As used herein, the singular forms “a”, “an” and “the” are intended to include the plural forms as well, unless the context clearly indicates otherwise. It will be further understood that the terms “comprises”, “comprising”, “includes”, and/or “including”, when used herein, specify the presence of stated features, integers, steps, operations, elements, and/or components, but do not preclude the presence or addition of one or more other features, integers, steps, operations, elements, components, and/or groups thereof. Therefore, the terminology used herein is for the purpose of describing particular embodiments only and is not intended to be limiting.

It should also be noted that in some alternative implementations, the functions/acts noted may occur out of the order noted in the figures. For example, two figures shown in succession may in fact be executed substantially concurrently or may sometimes be executed in the reverse order, depending upon the functionality/acts involved.

FIG. 1 is a flowchart diagram illustrating the method operations for efficiently and accurately identifying compounds to further evaluate in accordance with one embodiment. The flowchart initiates with operation 100 where documents in a Collaboration and content management software system or file share are identified. In one embodiment, the Collaboration and content management system or file share is a relational database that includes software and hardware. It should be appreciated that the search is not limited to a single document management system and may include searching many databases, each of which is accessible through a network connection. The method then advances to decision operation 102 where it is determined if the document from operation 100 includes a unique document ID. If the document includes a unique document ID then the method proceeds to operation 104 where the document ID information, file name and title information are retrieved. If the document does not include a document ID then the method proceeds from operation 102 to operation 106 where a document ID is generated and the file name and location are obtained.
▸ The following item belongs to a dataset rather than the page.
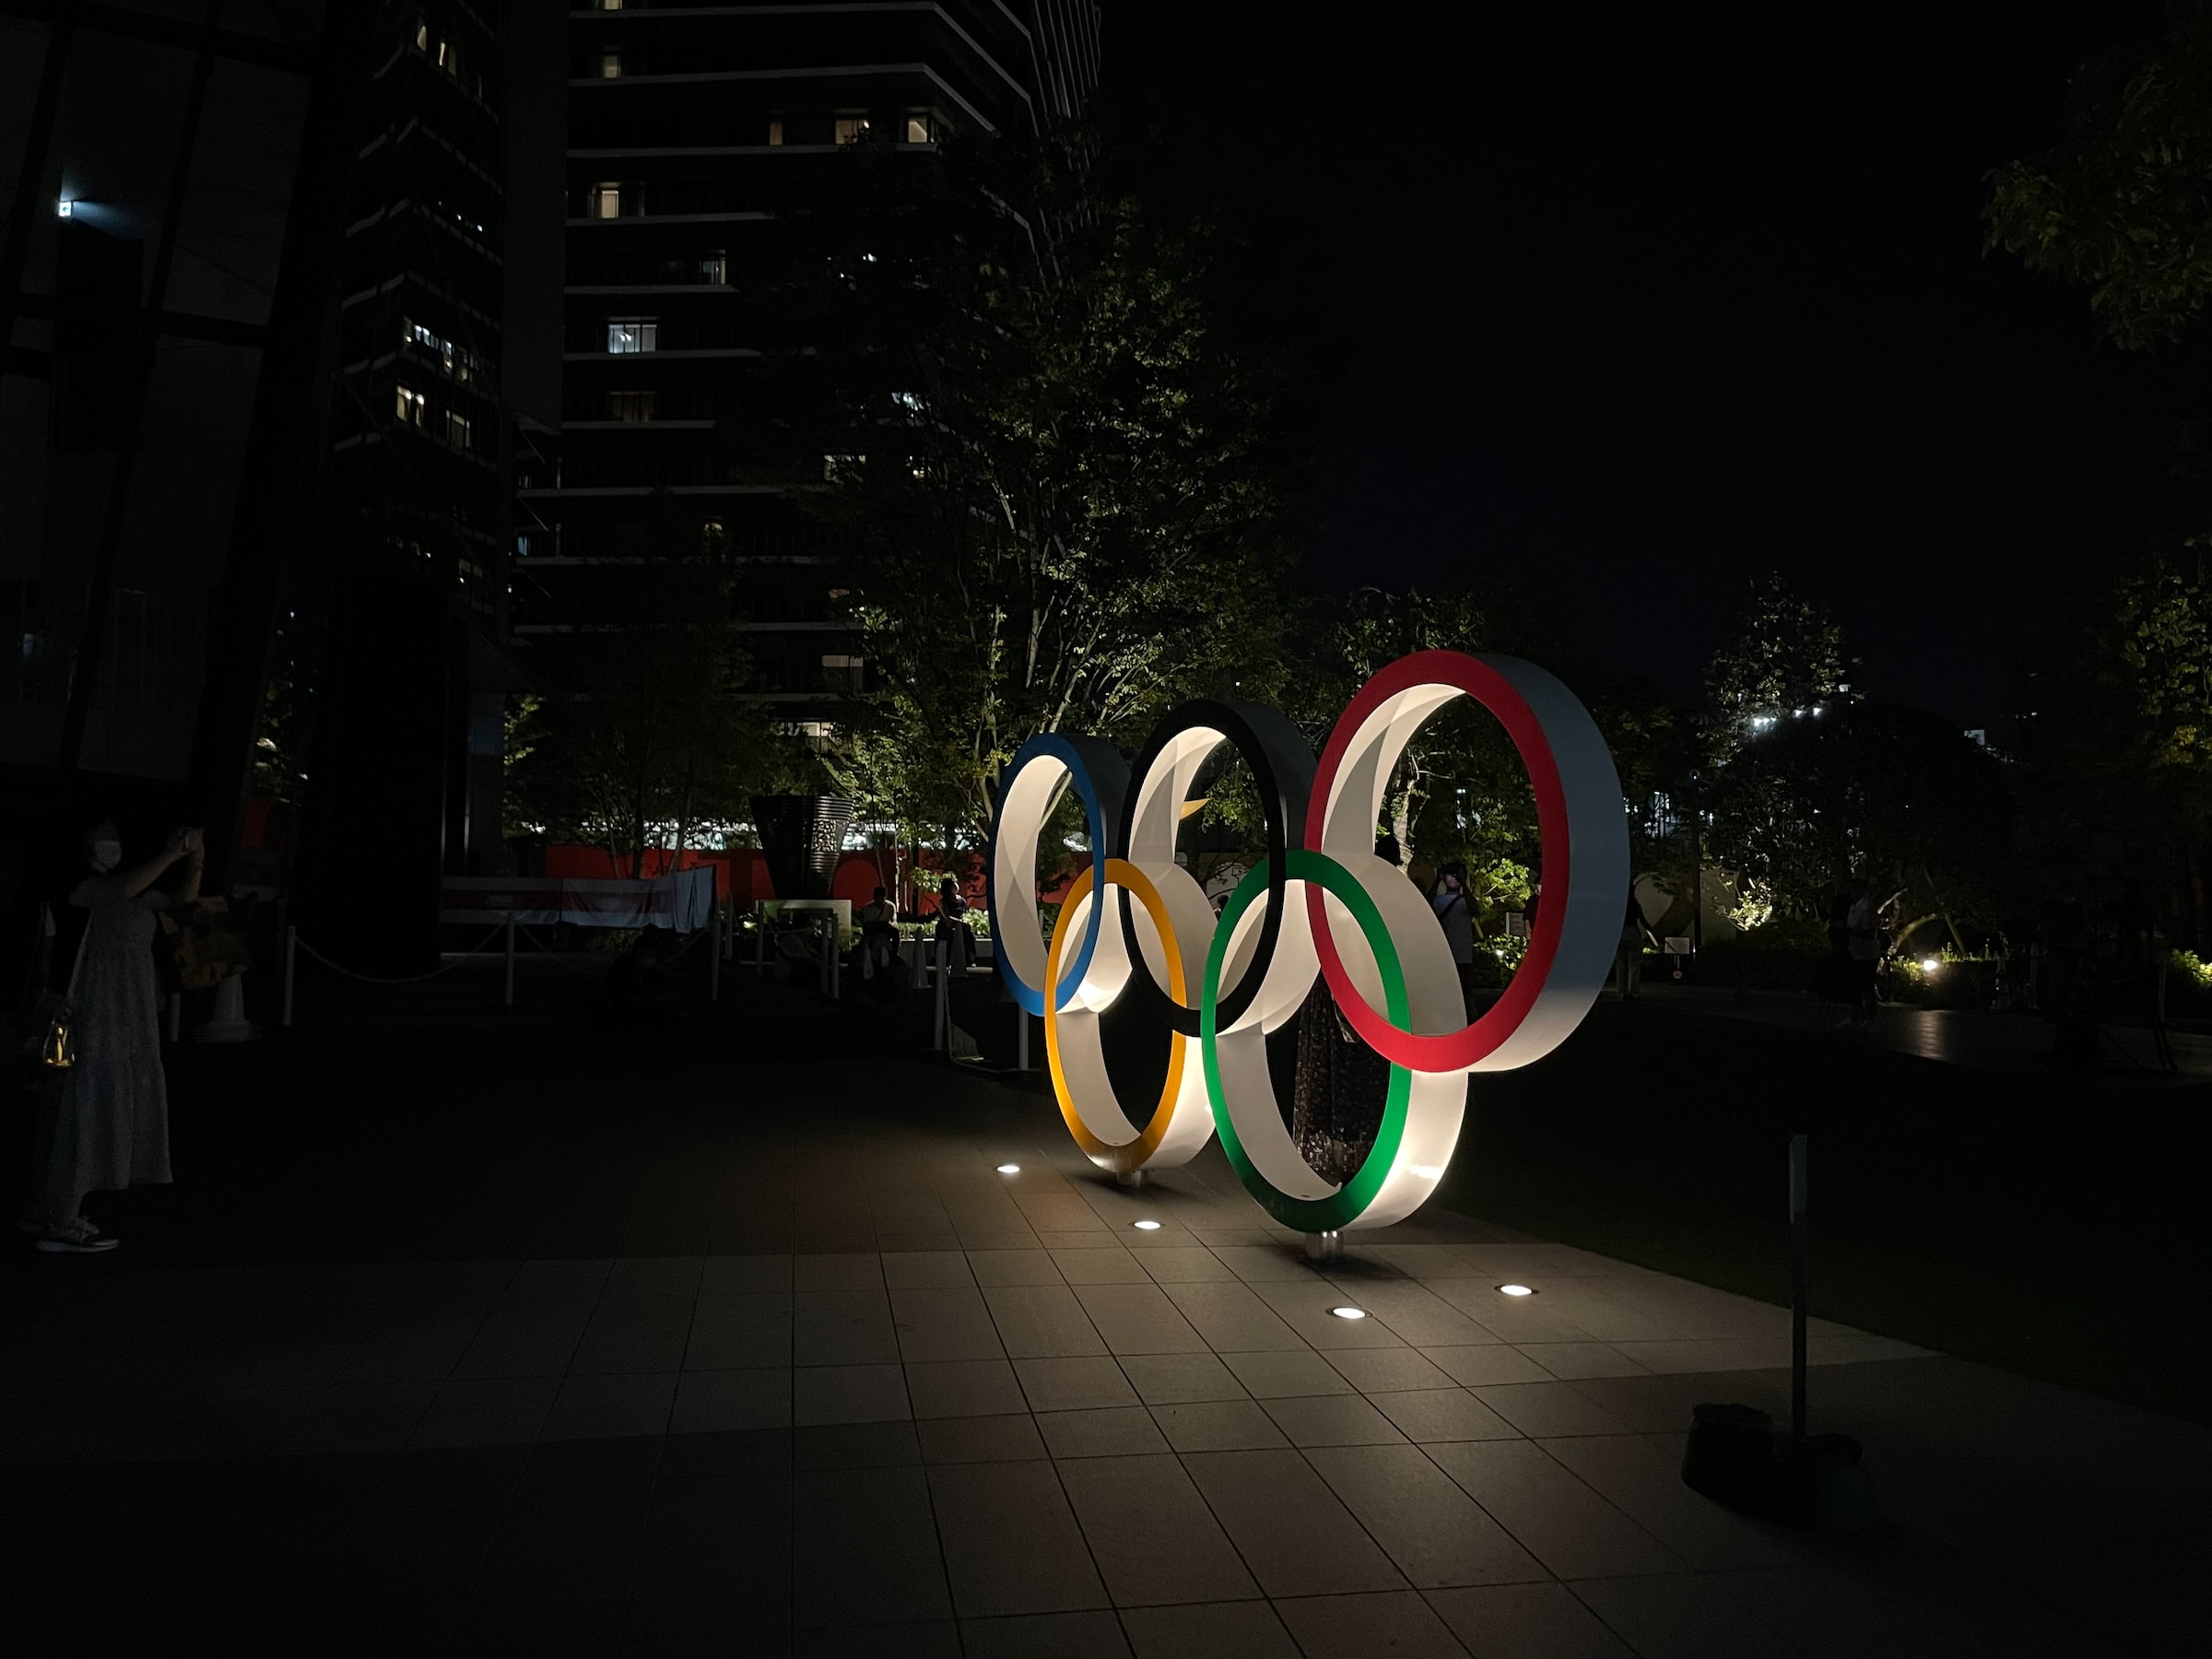 Olympic rings statue in Tokyo

Once the document ID has been obtained the method proceeds to operation 108 where the document type is identified. It should be appreciated that the document type may be identified through a file extension of the document in one embodiment. The method then proceeds to decision operation 110 where it is determined if the document is a portable document format (PDF) file or image file based on the associated file extension. It should be appreciated that in operation 110 the algorithm is determining whether the document is a searchable document. If the document is of a PDF or image file type, then the method proceeds to operation 120 where a structure recognition algorithm converts the document to a searchable document to extract any chemical or compound structure information within the document. Further details of operation 120 are provided below with reference to FIG. 3.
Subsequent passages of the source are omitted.